On Wed, Jun 19, 2013 at 09:31:21AM -0700, Sage Weil wrote:
> Hi Li,
>
> There is a version of fsx.c floating around that tests hole punching...
> have you tried running that on top of this patch? Ideally, we should
> build a test (ceph.git/qa/workunits/rbd/hole_punch.sh or similar) that
> tests the hole punch both with a default file layout and with a more
> complicated striping pattern (e.g. object_size=1048576 stripe_unit=65536
> stripe_count=7).

The version in xfstests has hole punch support, as does the version
of fsstress. There are also some corner case tests for punch
behaviour, so running the generic tests in xfstests
should shake out most bugs....

Cheers,

Dave.
--
Dave Chinner
[email protected]

2013-06-21 03:56:52

by Rob Landley

[permalink] [raw]
Subject: Re: [PATCH v2] Ceph: Punch hole support

On 06/19/2013 11:23:51 AM, Li Wang wrote:
> This patch implements punch hole (fallocate) support for Ceph.
>
> Signed-off-by: Li Wang <[email protected]>
> Signed-off-by: Yunchuan Wen <[email protected]>

> +static int ceph_delete_object(struct inode *inode, u64 offset, u64
> *length)
> +{
> + struct ceph_inode_info *ci = ceph_inode(inode);
> + struct ceph_fs_client *fsc = ceph_inode_to_client(inode);
> + struct ceph_osd_request *req;

Mixing tabs and spaces.


> +static int ceph_punch_hole(struct file *file, loff_t offset, loff_t
> length)
> +{
> + struct inode *inode = file->f_dentry->d_inode;
> + int ret = 0;
> +
> + if (!S_ISREG(inode->i_mode)) {
> + return -EOPNOTSUPP;
> + }

And again.

Rob-

2013-07-22 13:02:48

by Li Wang

[permalink] [raw]
Subject: [PATCH v3] Ceph: Punch hole support for kernel client

This patch implements fallocate and punch hole support for Ceph kernel client.

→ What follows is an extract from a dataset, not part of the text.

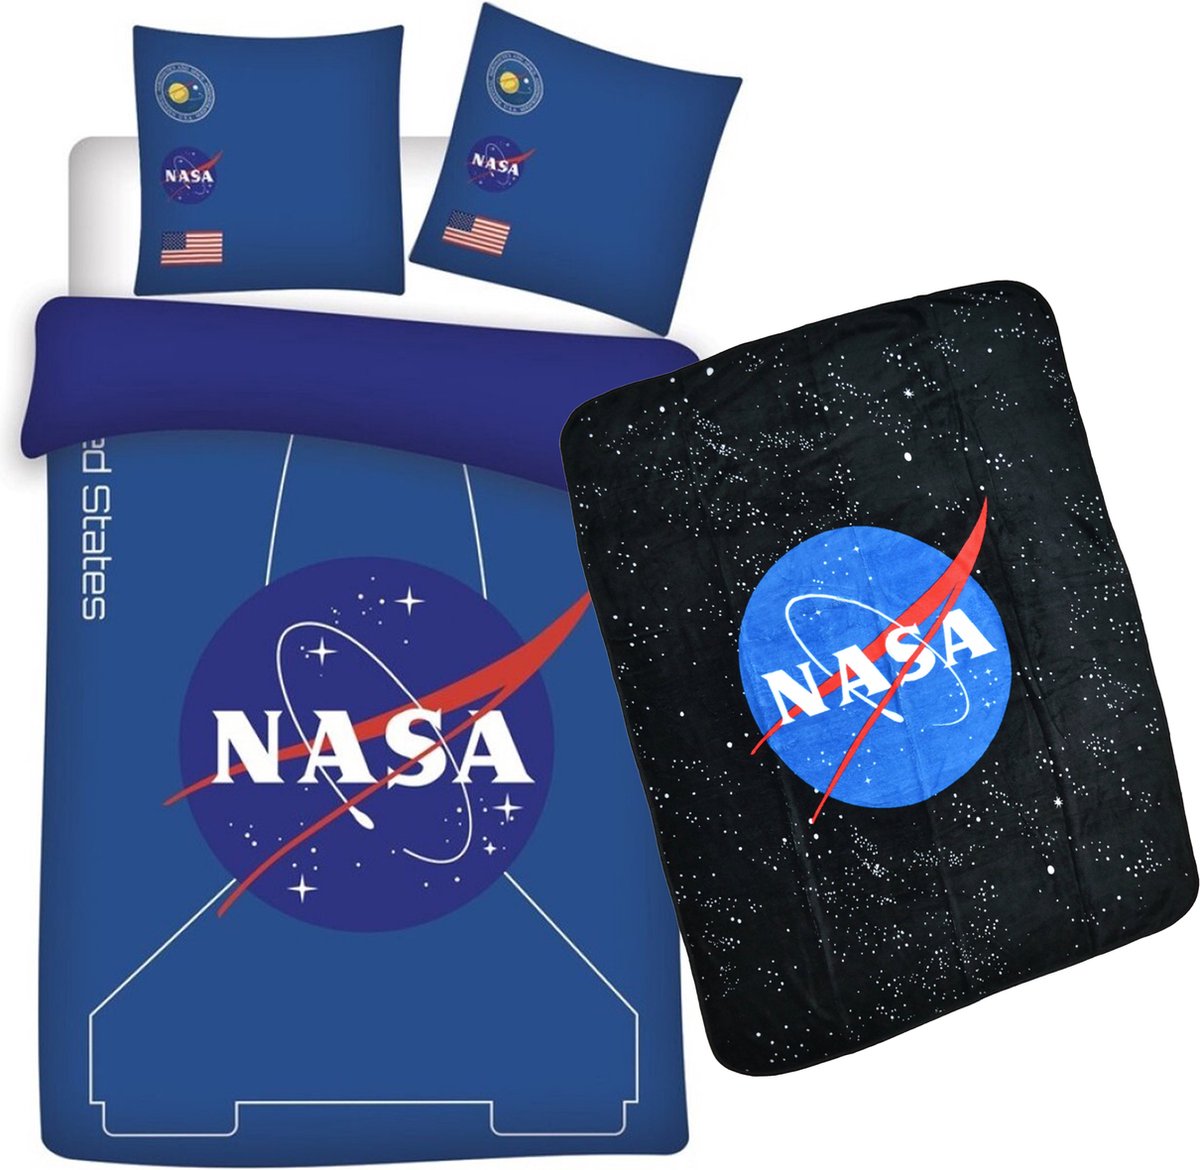 Dekbedovertrek NASA- ruimtevaart- 1persoons- 140x200cm- Polyester- incl. NASA Fleece deken 120x150cm.

Signed-off-by: Li Wang <[email protected]>
Signed-off-by: Yunchuan Wen <[email protected]>
---
Passed the fsx test from xfstests.
---
fs/ceph/file.c | 191 +++++++++++++++++++++++++++++++++++++++++++++++++
net/ceph/osd_client.c | 8 ++-
2 files changed, 197 insertions(+), 2 deletions(-)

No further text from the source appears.